**Task details**: With the pictures removed, the data below must be transcribed in full and exactly.

**The data**:
[Start of section]
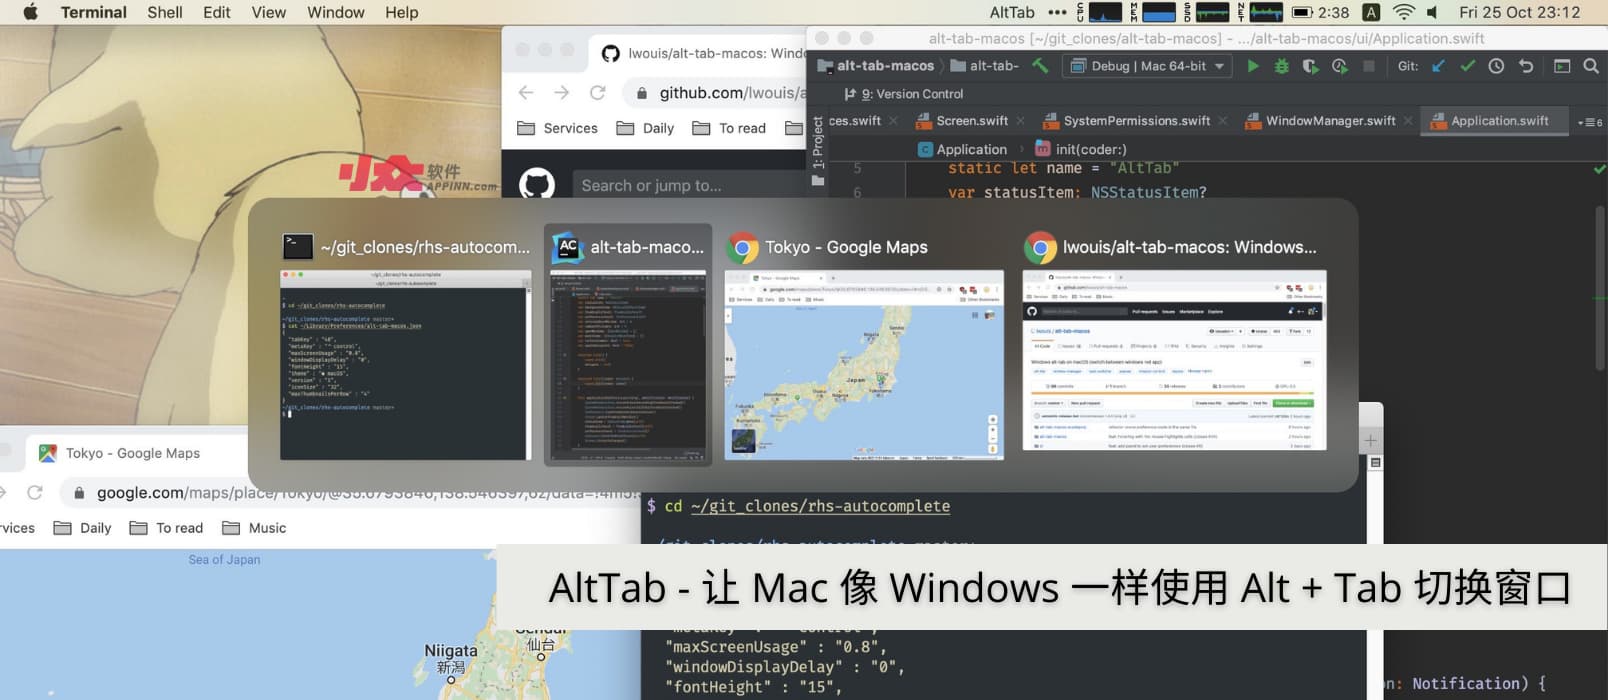 AltTab - 让 Mac 像 Windows 一样使用 Alt + Tab 切换窗口
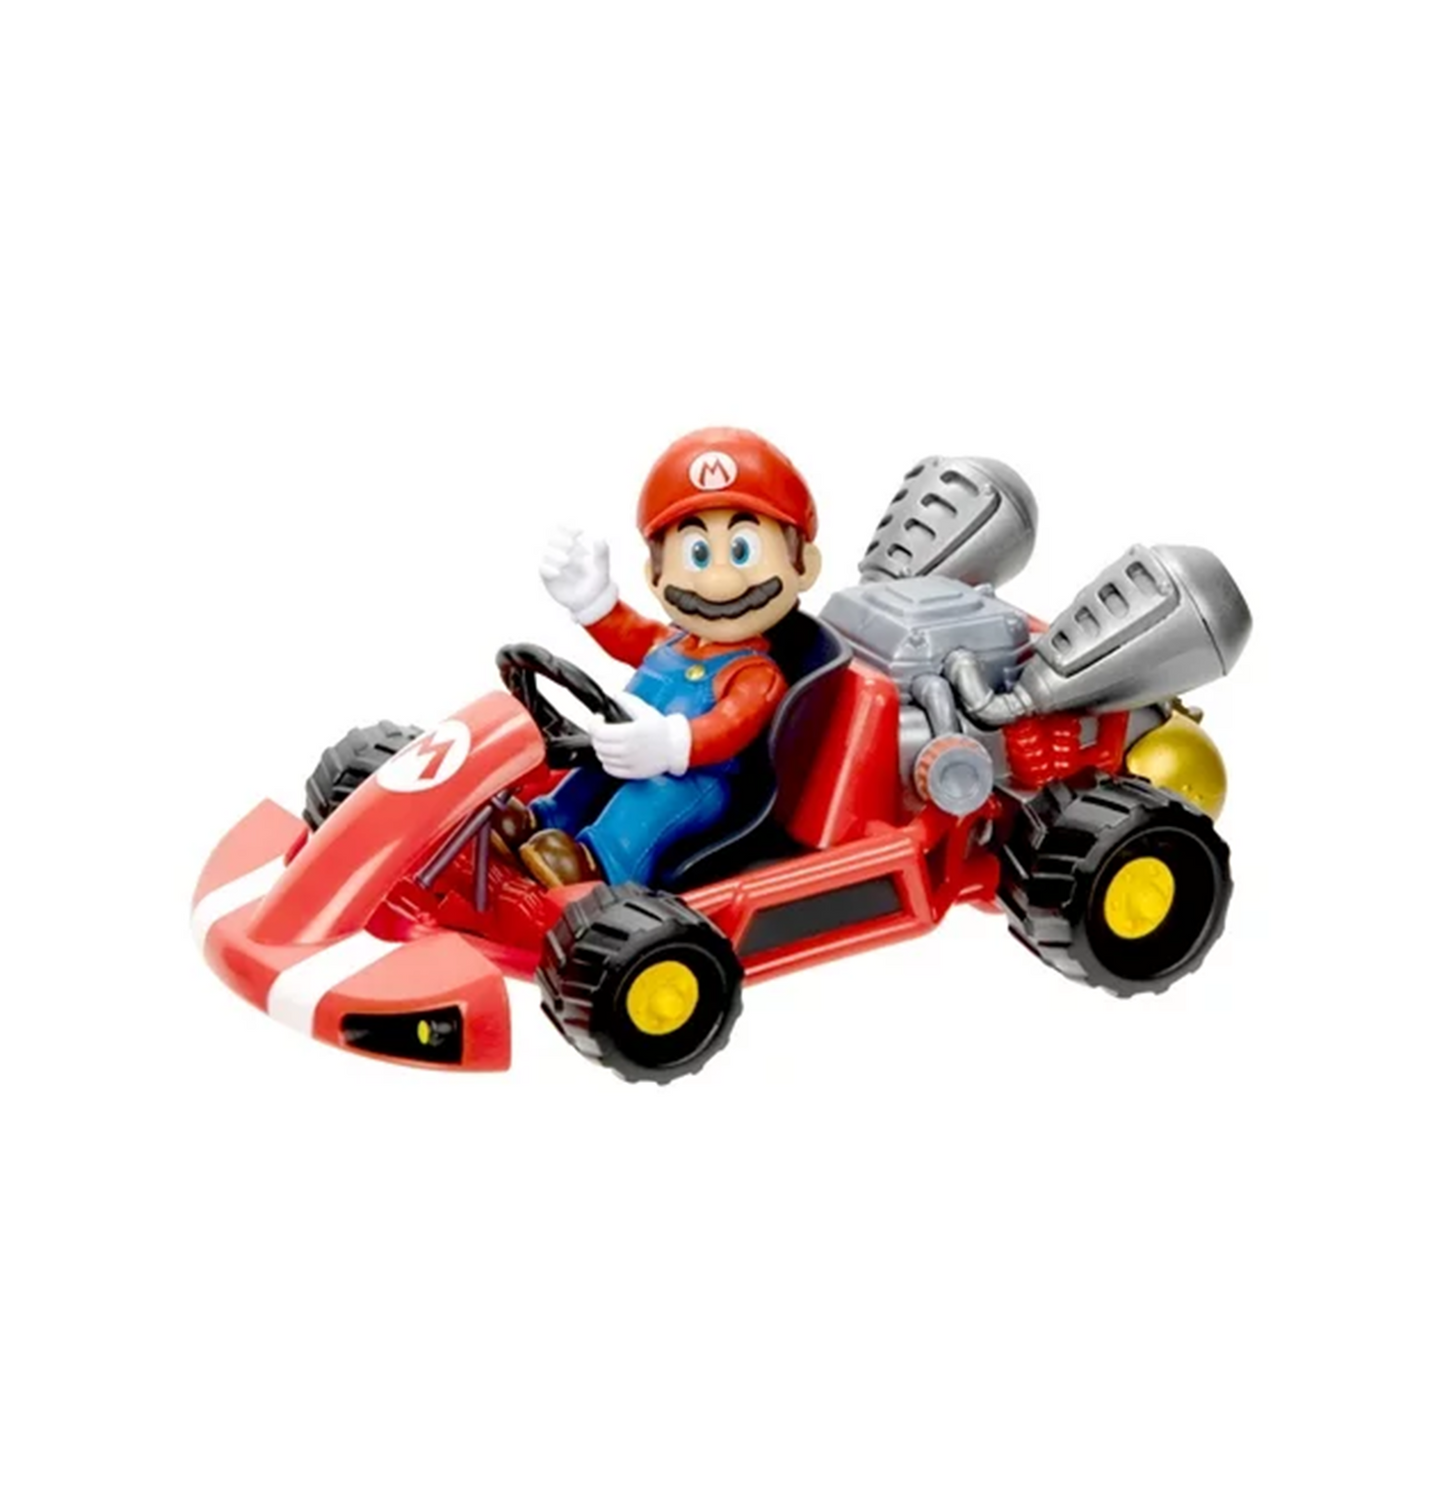 Super Mario Bros. The Movie Pull Back Racers Mario Figure & Vehicle
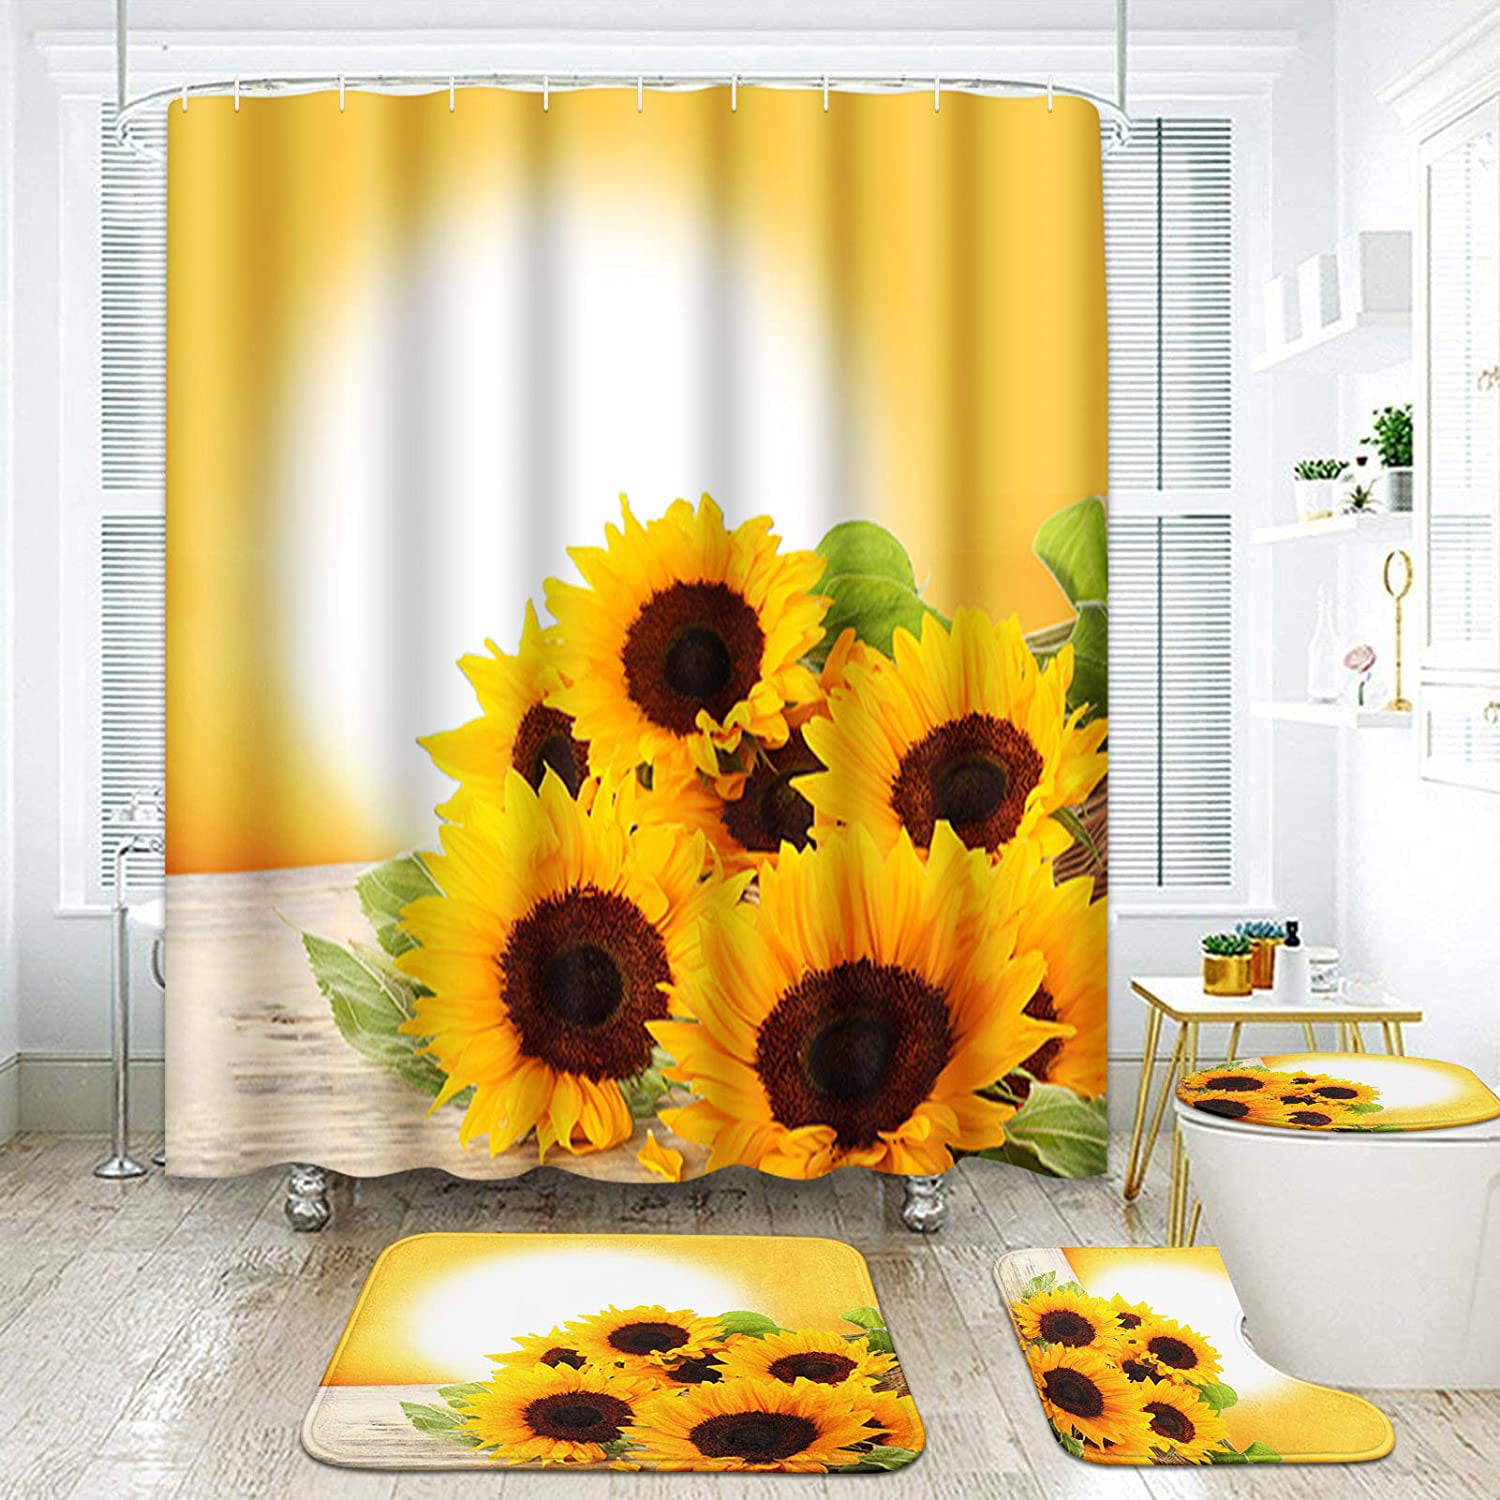 Golden Sunflower Shower Curtain Bath Mat Toilet Cover Rug Bathroom Decor
[End of section]
**Solution to this problem**:
 AltTab - 让 Mac 像 Windows 一样使用 Alt + Tab 切换窗口
 Super Mario Bros. The Movie Pull Back Racers Mario Figure & Vehicle
 Golden Sunflower Shower Curtain Bath Mat Toilet Cover Rug Bathroom Decor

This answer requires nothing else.